Estructura en Oporto

Cuando hace cerca de un año paseaba en coche por Oporto y de lejos vi esta extraña estructura, no podía imaginarme que esta obra fuera a aparecer en uno de mis post hablando precisamente de la “imaginación”.

Según la Wikipedia, “la imaginación (del latín imaginatĭo, -ōnis) es un proceso superior que permite al individuo manipular información generada intrínsecamente con el fin de crear una representación percibida por los sentidos de la mente. «Intrínsecamente generada» significa que la información se ha formado dentro del organismo en ausencia de estímulos del ambiente. En lo que respecta a «sentidos de la mente», son los mecanismos que permiten «ver» un objeto que se había visualizado previamente pero que ya no se encuentra presente en el ambiente.

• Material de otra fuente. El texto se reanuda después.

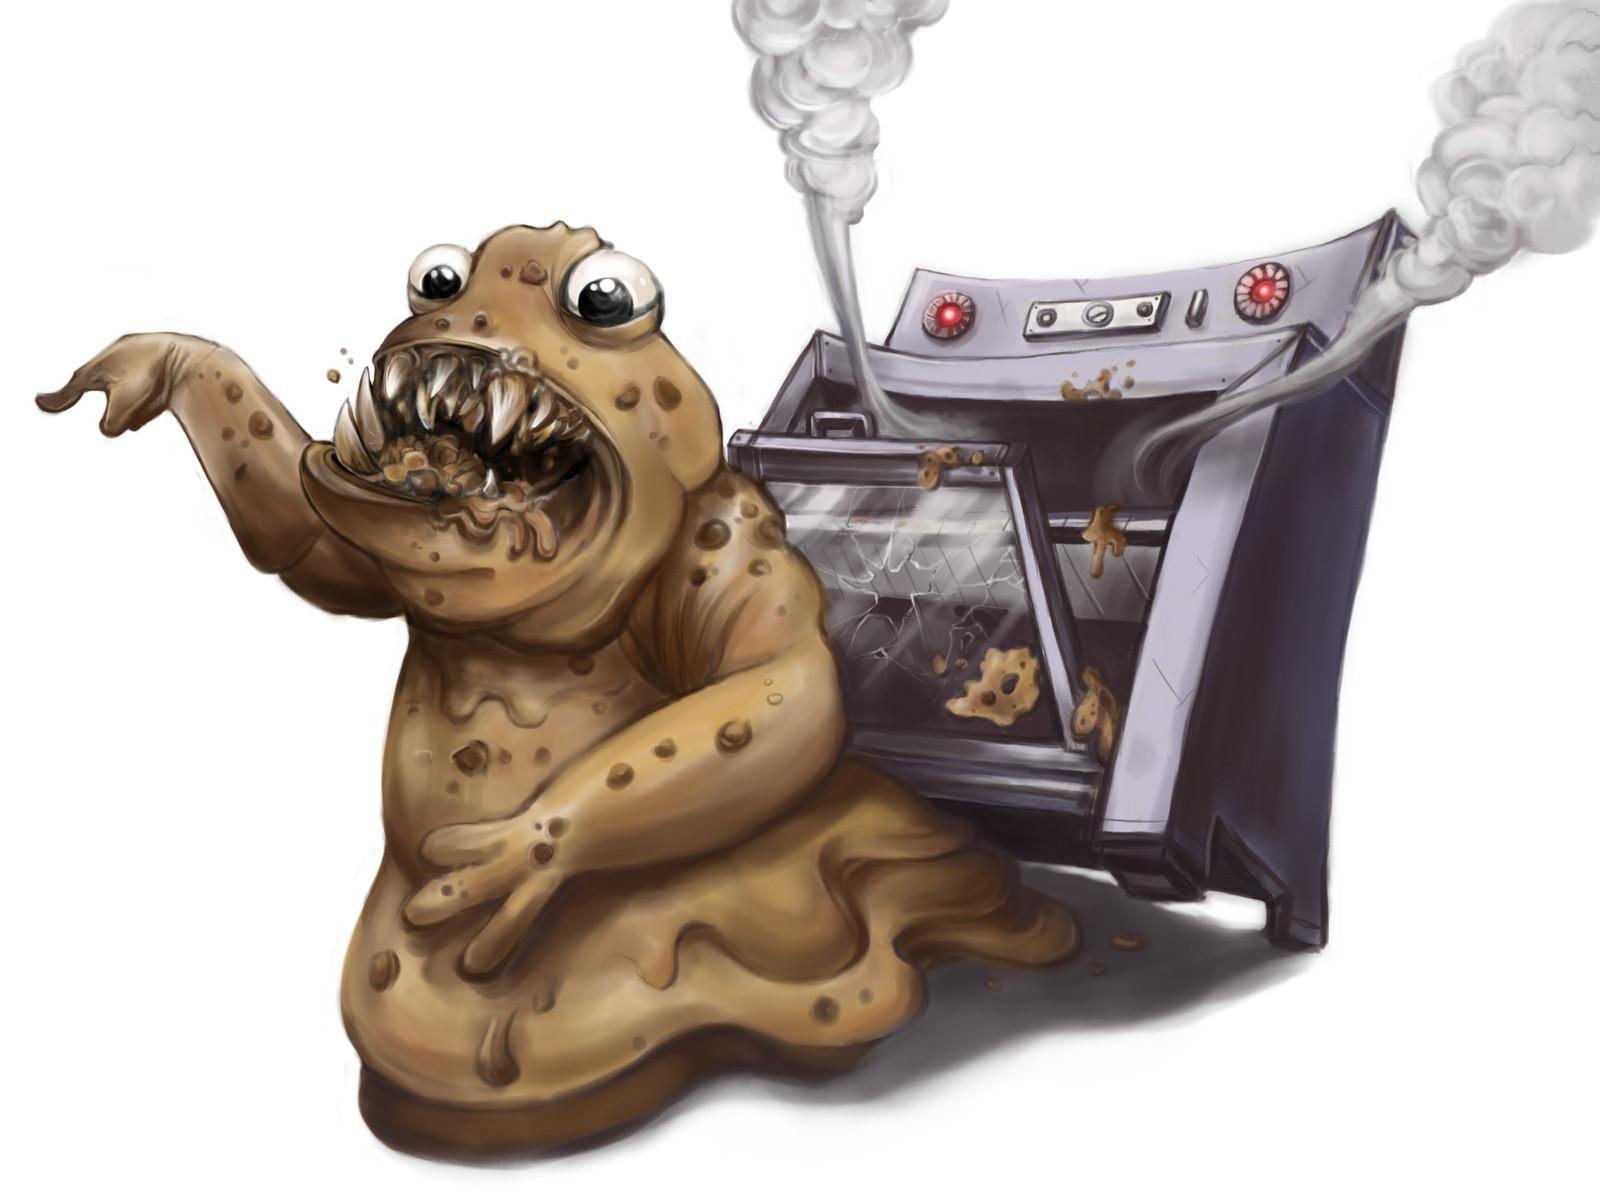 Cookie Dough Monster - Children's Book Illustration

Cabe aclarar que cuando se imagina no se reduce solo al sentido de la visión, sino también a otras áreas sensoriales.” Y esta definición es perfecta para explicar el paso intermedio necesario que de forma natural se da entre los dos procesos de “VER y DIBUJAR ideas” de los que hablábamos en el post anterior.

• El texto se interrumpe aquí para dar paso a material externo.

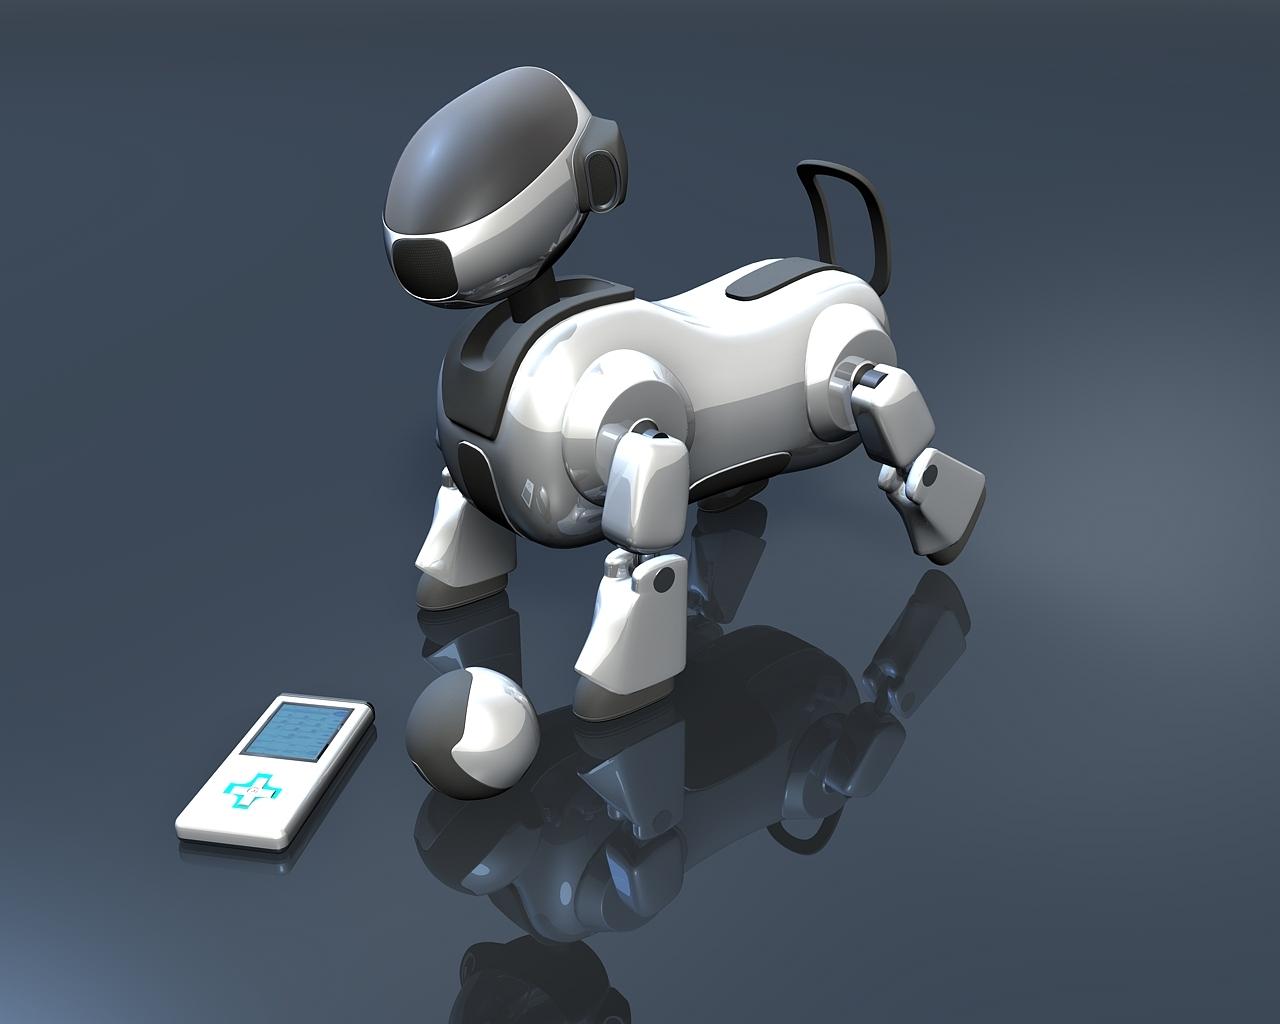 создании роботы картинки на комп раз

Seis claves para "ver", de Dam Roam

Seis claves para "ver", de Dam Roam

En dicho post, nos centramos en el primer proceso: “Ver las ideas” necesario para poder comunicar las mismas de forma efectiva.  Y para ello, proponíamos, basándonos en el “Visual Thinking Codex” de Dam Roam, responder a seis preguntas clave que nos permitieran ver las ideas de una forma completa:

  1. Quién/ Qué
  2. Cuántos
  3. Dónde
  4. Cuándo
  5. Cómo
  6. Y por qué.

Sin embargo, aún dando respuesta a estas seis cuestiones no llegamos a comprender del todo lo que “vemos” y por lo tanto aún no estamos en disposición de comunicarlo.

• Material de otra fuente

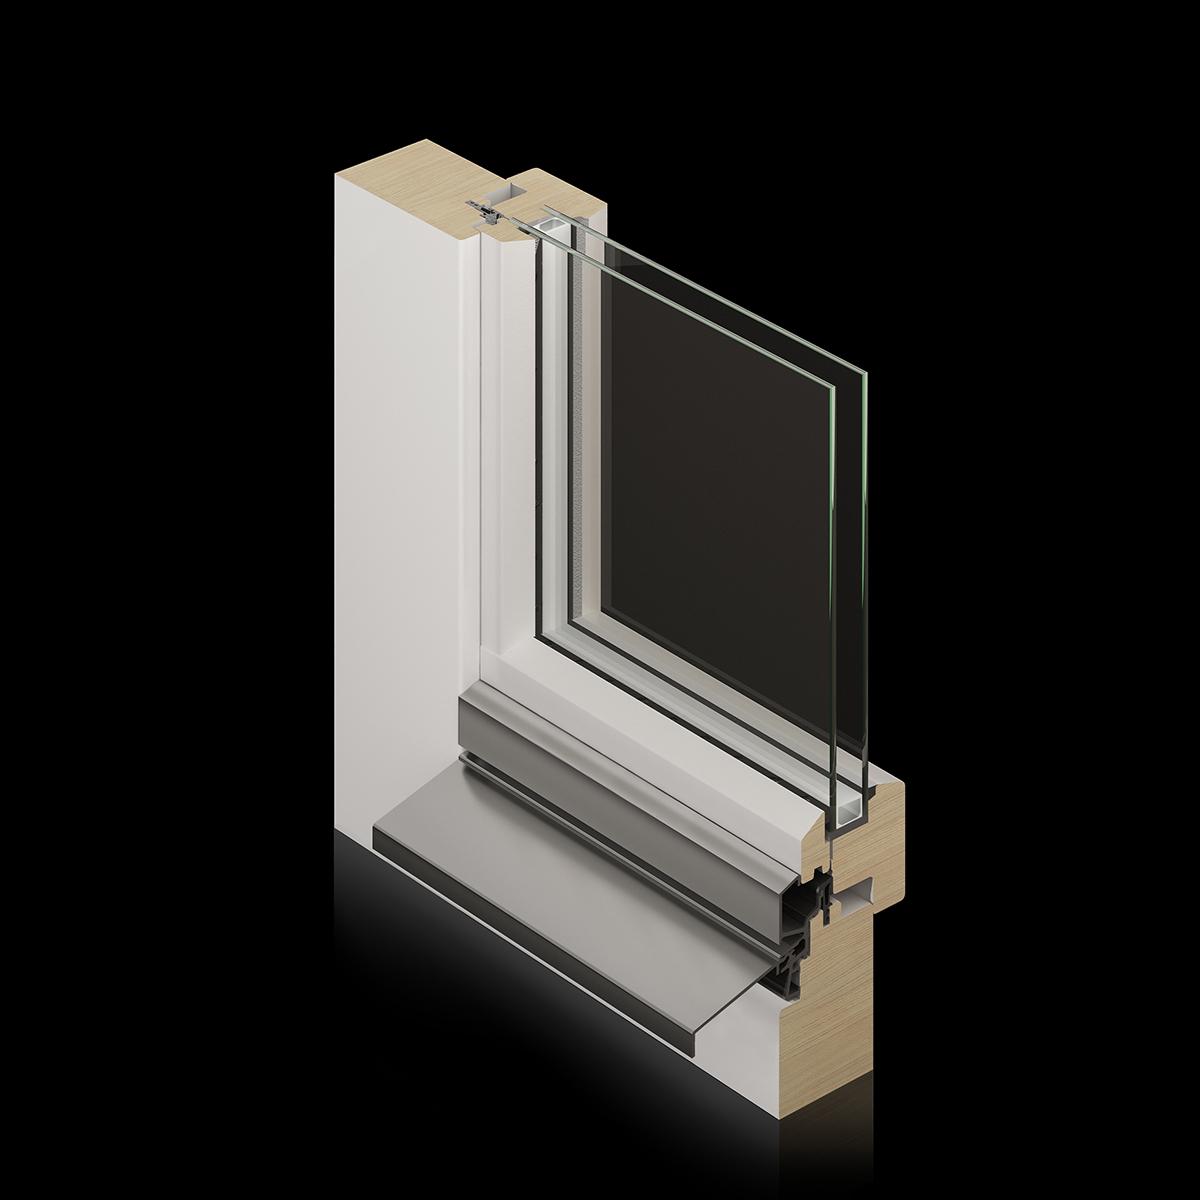 Bünter Fenster

“Hasta ahora, nos hemos concentrado en los ojos y en mirar y ver las herramientas y pasos sobre los cuales nos apoyamos para procesar la información visual que recibimos del mundo exterior”, según palabras de Roam. Es el momento de encender el ojo de la mente y empezar a imaginar.

Según el propio Roam “imaginar es cómo permitimos que el ojo de la mente tome el control para que podamos ver cosas que no son físicamente visibles en el instante. Ello significa tomar las coordenadas, pautas y componentes que vemos en el mundo y traducirlos en dibujos abstractos que podemos manipular en la cabeza. “

De esa manipulación sabe mucho la autora de la escultura que mencionábamos al inicio de este post, Janet Echelman, quien tras perder sus dibujos justo antes de una exposición, se vio obligada a echar mano del “ojo de la mente” para salir del paso, y vaya si lo hizo: Janet Echelman: la imaginación entendida seriamente

 

Imaginar es poder

Así pues, imaginar consiste en dejarse llevar y buscar en nuestro cerebro la forma de completar aquello que ya hemos visto en modo real, con todos los detalles que, de tantas veces que lo hemos visto, hemos ido guardando en nuestro baúl de los recuerdos.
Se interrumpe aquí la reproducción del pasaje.